**MATERIAL PROVIDED**

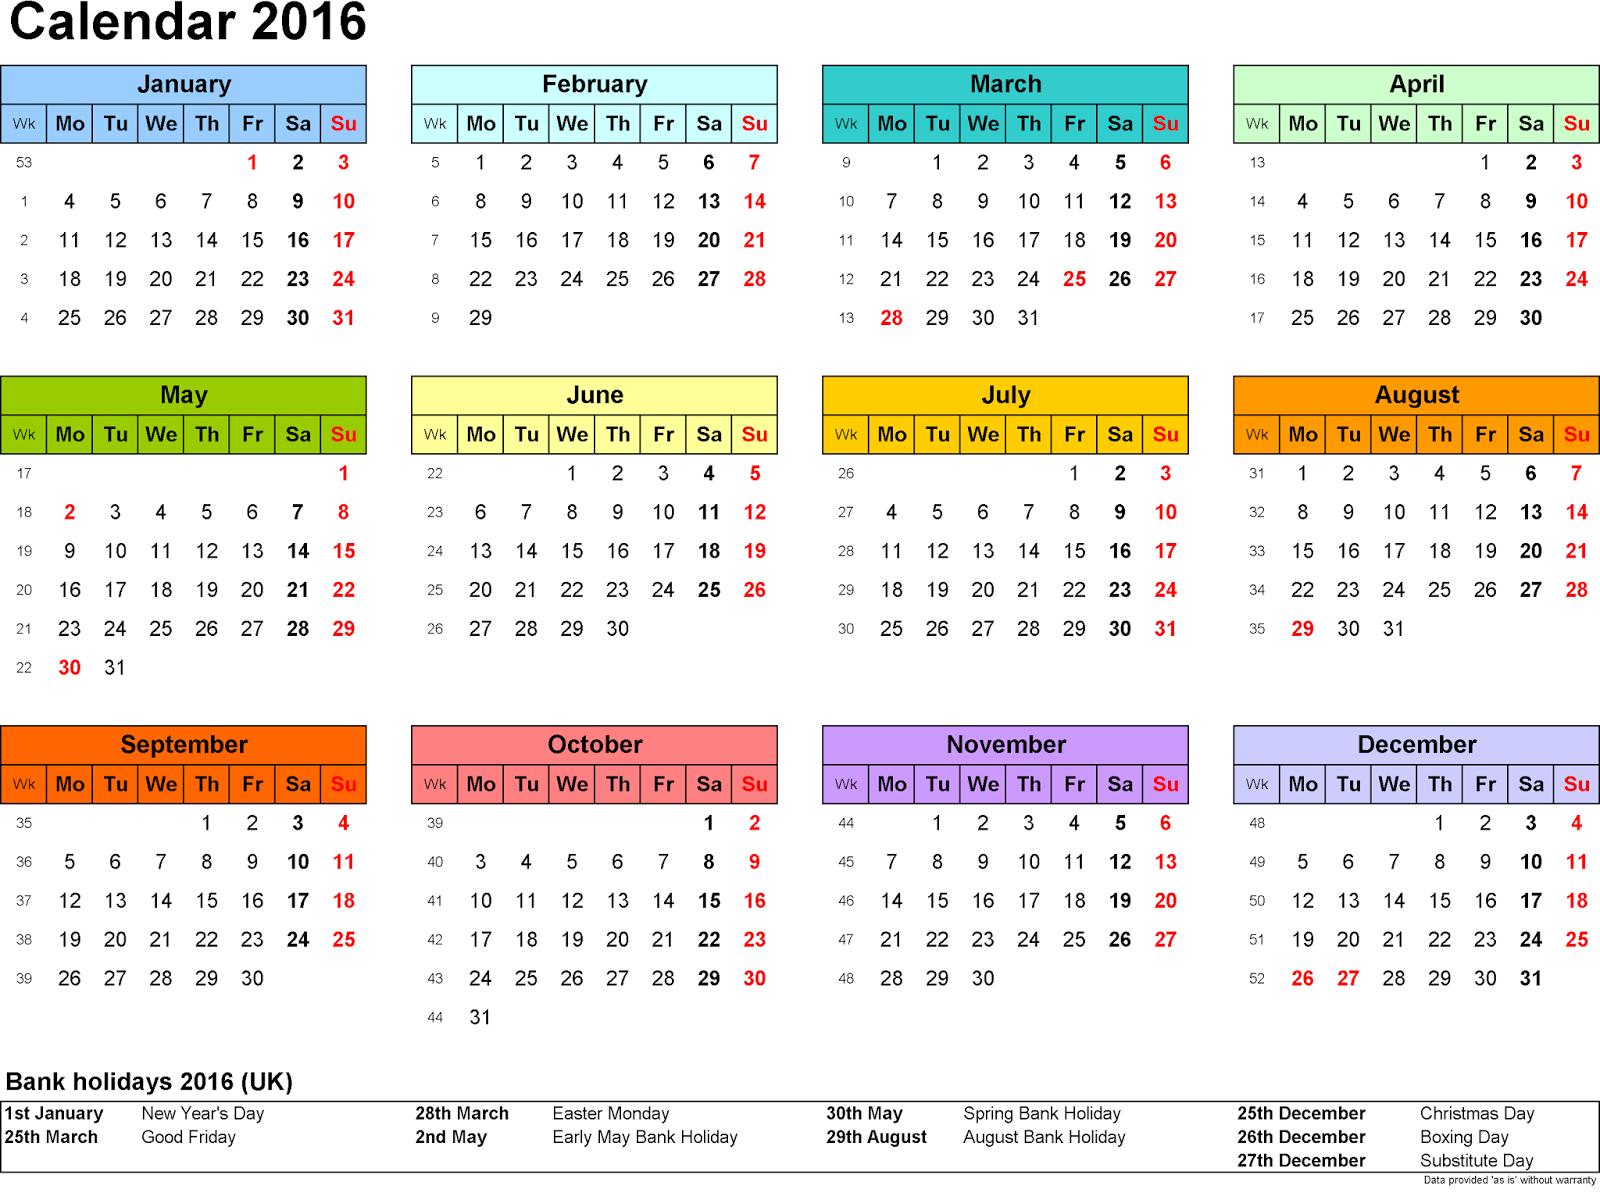 April Calendar Uk Bank Holidays : Calendar with federal bank holidays
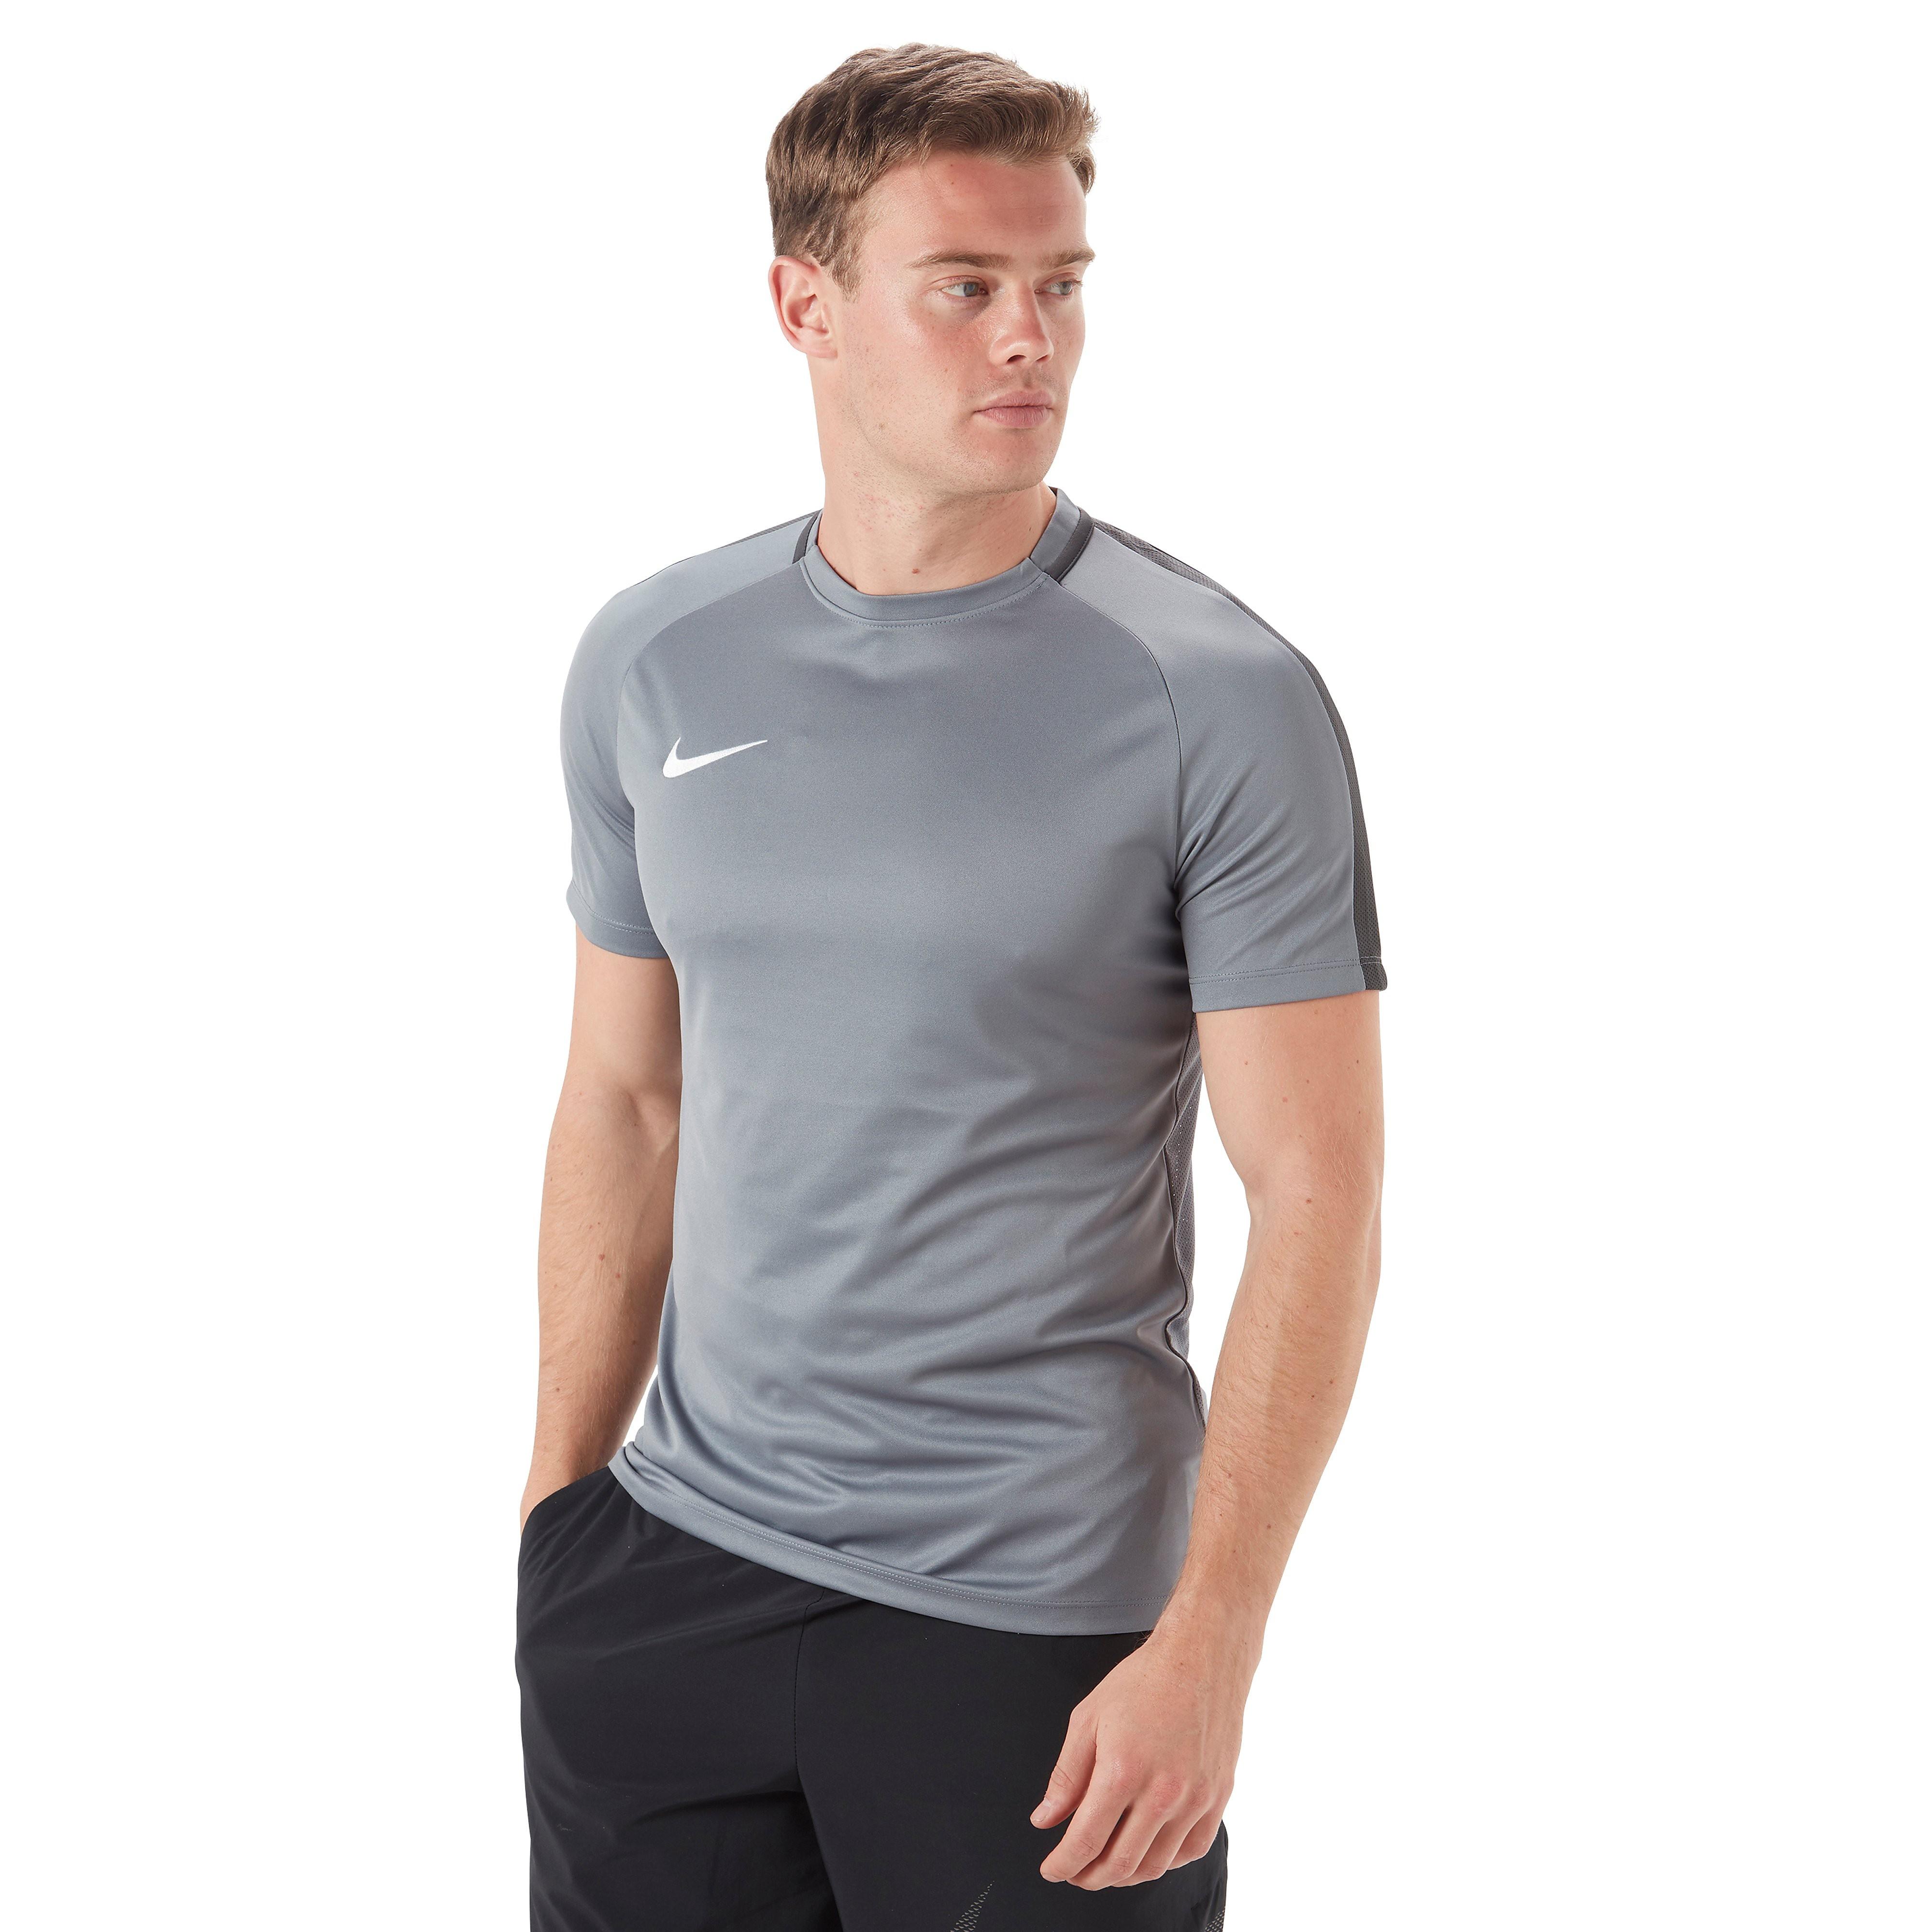 Nike ACADEMY 17 MEN'S FOOTBALL T-SHIRT
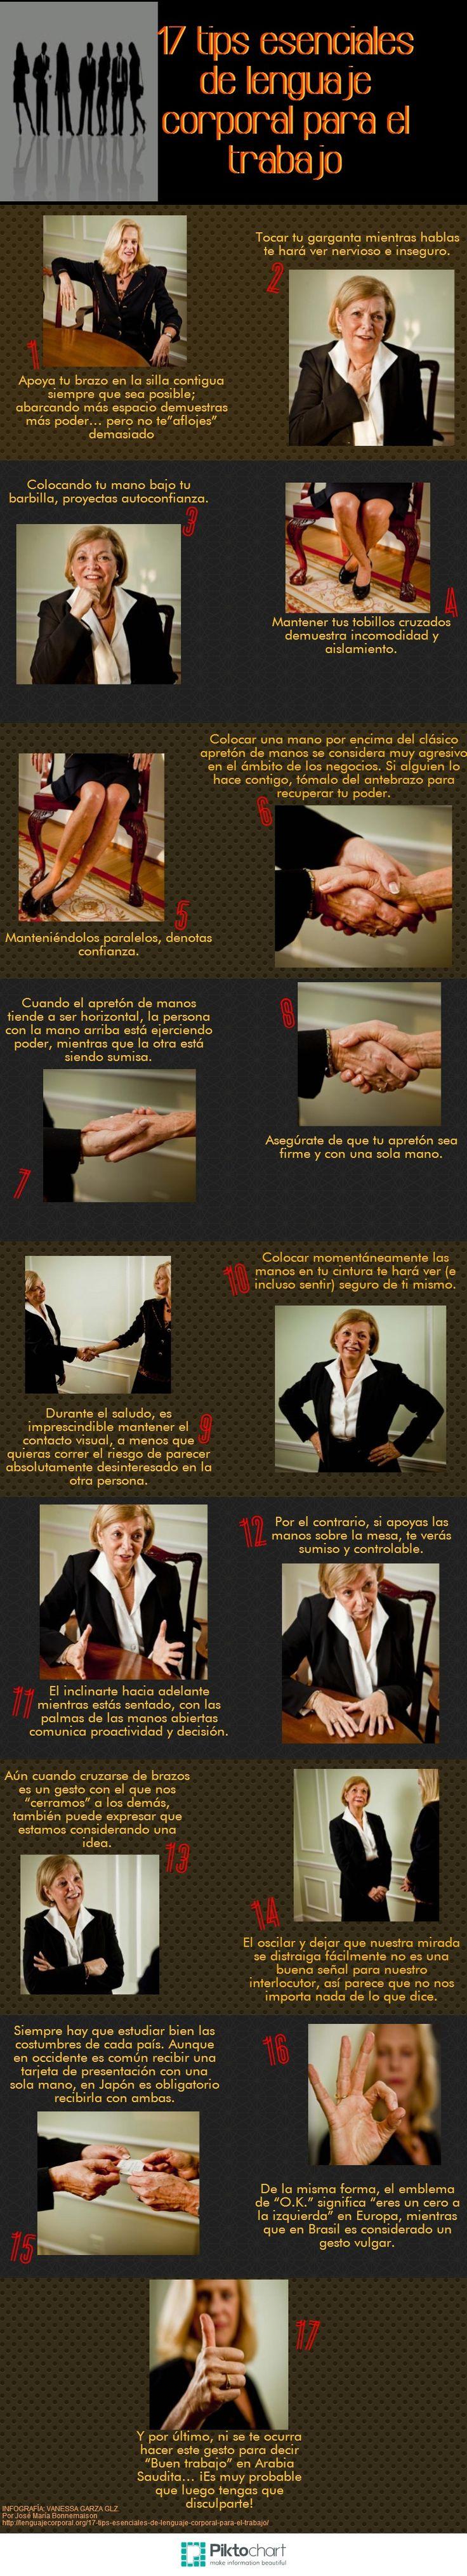 17 consejos lenguaje corporal para el trabajo
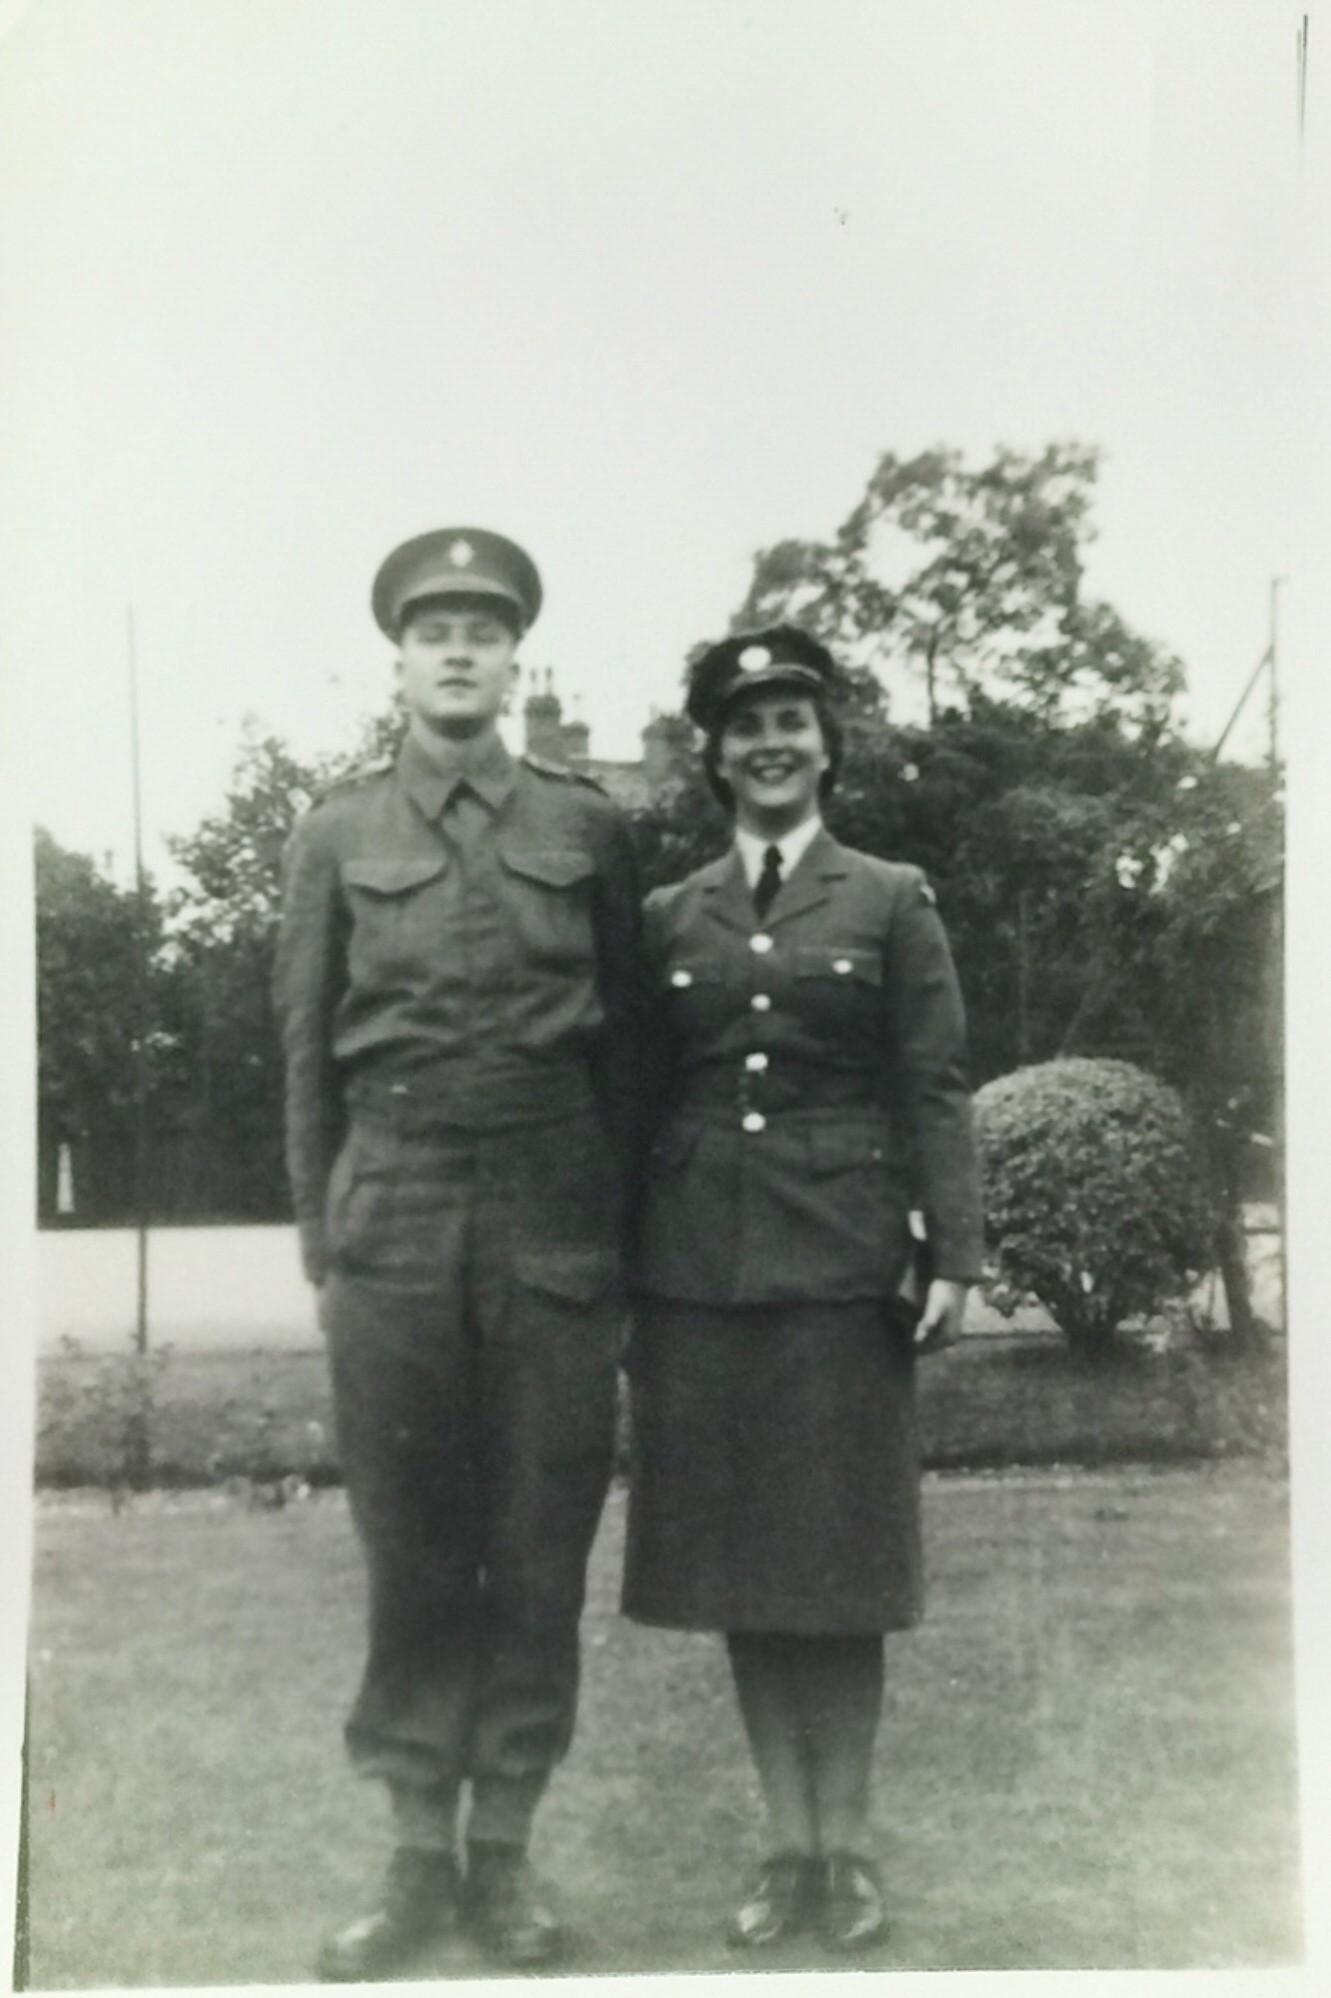 Ann and a colleague in their uniform

**WHAT YOU SHOULD DO**
Go through the data above and transcribe it in full, omitting any image.

**RESPONSE FOR THIS EXERCISE**
 April Calendar Uk Bank Holidays : Calendar with federal bank holidays
 Nike ACADEMY 17 MEN'S FOOTBALL T-SHIRT
 17 consejos lenguaje corporal para el trabajo
 Ann and a colleague in their uniform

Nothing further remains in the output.